Requirements and Installation

  • python >= 3.7
  • pytorch >= 1.10.0
  • faiss-gpu >= 1.7.3
  • sacremoses == 0.0.41
  • sacrebleu == 1.5.1
  • fastBPE == 0.1.0
  • streamlit >= 1.13.0
  • scikit-learn >= 1.0.2
  • seaborn >= 0.12.1

You can install this toolkit by

git clone [email protected]:NJUNLP/knn-box.git
cd knn-box
pip install --editable ./

Note: Installing faiss with pip is not suggested. For stability, we recommand you to install faiss with conda

CPU version only:
conda install faiss-cpu -c pytorch

GPU version:
conda install faiss-gpu -c pytorch # For CUDA

Overview

Basically, there are two steps for runing a kNN-MT model: building datastore and translating with datastore. In this toolkit, we unify different kNN-MT variants into a single framework, albeit they manipulate datastore in different ways. Specifically, the framework consists of three modules (basic class):

  • datastore: save translation knowledge in key-values pairs
  • retriever: retrieve useful translation knowledge from the datastore
  • combiner: produce final prediction based on retrieval results and NMT model

Users can easily develope different kNN-MT models by customizing three modules. This toolkit also provide example implementations of various popular kNN-MT models (listed below) and push-button scripts to run them, enabling researchers conveniently reproducing their experiment results:

Preparation: download pretrained models and dataset

You can prepare pretrained models and dataset by executing the following command:

cd knnbox-scripts
bash prepare_dataset_and_model.sh

use bash instead of sh. If you still have problem running the script, you can manually download the wmt19 de-en single model and multi-domain de-en dataset, and put them into correct directory (you can refer to the path in the script).
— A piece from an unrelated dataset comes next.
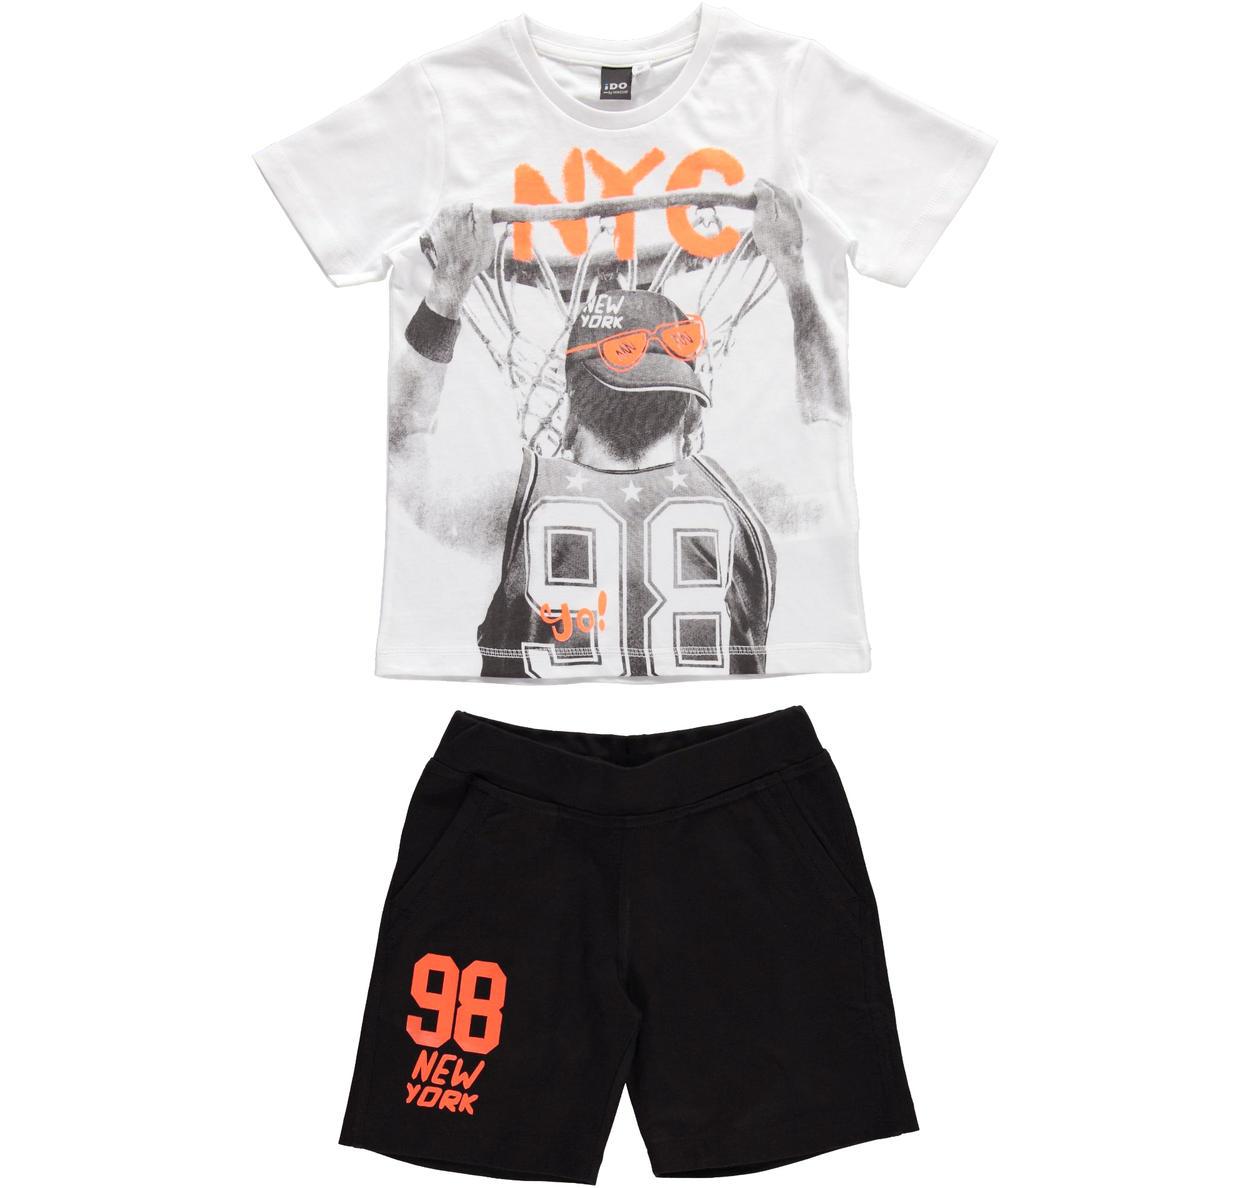 Completo 100% cotone con t-shirt stampa basket per bambino da 3 a 16 anni  iDO. VERDE-NERO-8376 back. BIANCO-NERO-8057 25b211b54f42

Run base neural machine translation model (our baseline) To translate using base neural model, execute the following command:
cd knnbox-scripts/base-nmt
bash inference.sh
Run vanilla knn-mt

To translate using knn-mt, execute the following command:

cd knnbox-scripts/vanilla-knn-mt
# step 1. build datastore
bash build_datastore.sh
# step 2. inference
bash inference.sh
Run adaptive knn-mt

To translate using adaptive knn-mt, execute the following command:

cd knnbox-scripts/adaptive-knn-mt
# step 1. build datastore
bash build_datastore.sh
# step 2. train meta-k network
bash train_metak.sh
# step 3. inference
bash inference.sh
Run kernel smoothed knn-mt

To translate using kernel smoothed knn-mt, execute the following command:

cd knnbox-scripts/kernel-smoothed-knn-mt
# step 1. build datastore
bash build_datastore.sh
# step 2. train kster network
bash train_kster.sh
# step 3. inferece
bash inference.sh
Run greedy merge knn-mt

implementation of Efficient Machine Translation Domain Adaptation (PH Martins et al., 2022)

To translate using Greedy Merge knn-mt, execute the following command:

cd knnbox-scripts/greedy-merge-knn-mt
# step 1. build datastore and prune using greedy merge method
bash build_datastore_and_prune.sh
# step 2. inferece (You can decide whether to use cache by --enable-cache)
bash inference.sh

design

Visualization

With kNN-box, you can even visualize the whole translation process of your kNN-MT model. You can launch the visualization service by running the following commands. Have fun with it!

cd knnbox-scripts/vanilla-knn-mt-visual
# step 1. build datastore for visualization (save more information for visualization)
bash build_datastore_visual.sh
# step 2. configure the model that you are going to visualize
vim model_configs.yml 
# step 3. launch the web page
bash start_app.sh

Benchmark

Here are the results obtained by using the knnbox toolkit to reproduce popular papers.

Dataset and Base Model

we use the script mentioned above to download preprocessed OPUS multi-domain De-En dataset and pretrained WMT19 De-En winner model. If you are interested in the general domain dataset for training pretrained models, download it from here.

Datastore Size

Domain IT Medical Koran Law
Size 3602862 6903141 524374 19061382

BLEU Score

model \ domain IT Medical Koran Law General Domain (Avg)
Base NMT 38.35 40.06 16.26 45.48 37.16
vanilla kNN-MT 45.88 54.13 20.51 61.09 11.98
adaptive kNN-MT 47.41 56.15 20.20 63.01 32.70
kernel smoothed kNN-MT 47.81 56.67 20.16 63.27 32.60
  • hyper-parameter of vanilla kNN-MT

    we follow the configure of adaptive kNN-MT

    domain IT Medical Koran Law
    K 8 4 16 4
    Temperature 10 10 100 10
    Lambda 0.7 0.8 0.8 0.8
  • hyper-parameter of adaptive kNN-MT

    we choose the max-k which obtained highest BLEU for every domain in adaptive kNN-MT

    Domain IT Medical Koran Law
    max-k 8 16 16 8

    although temperature is trainable, we follow the papaer and fix temperature to 10.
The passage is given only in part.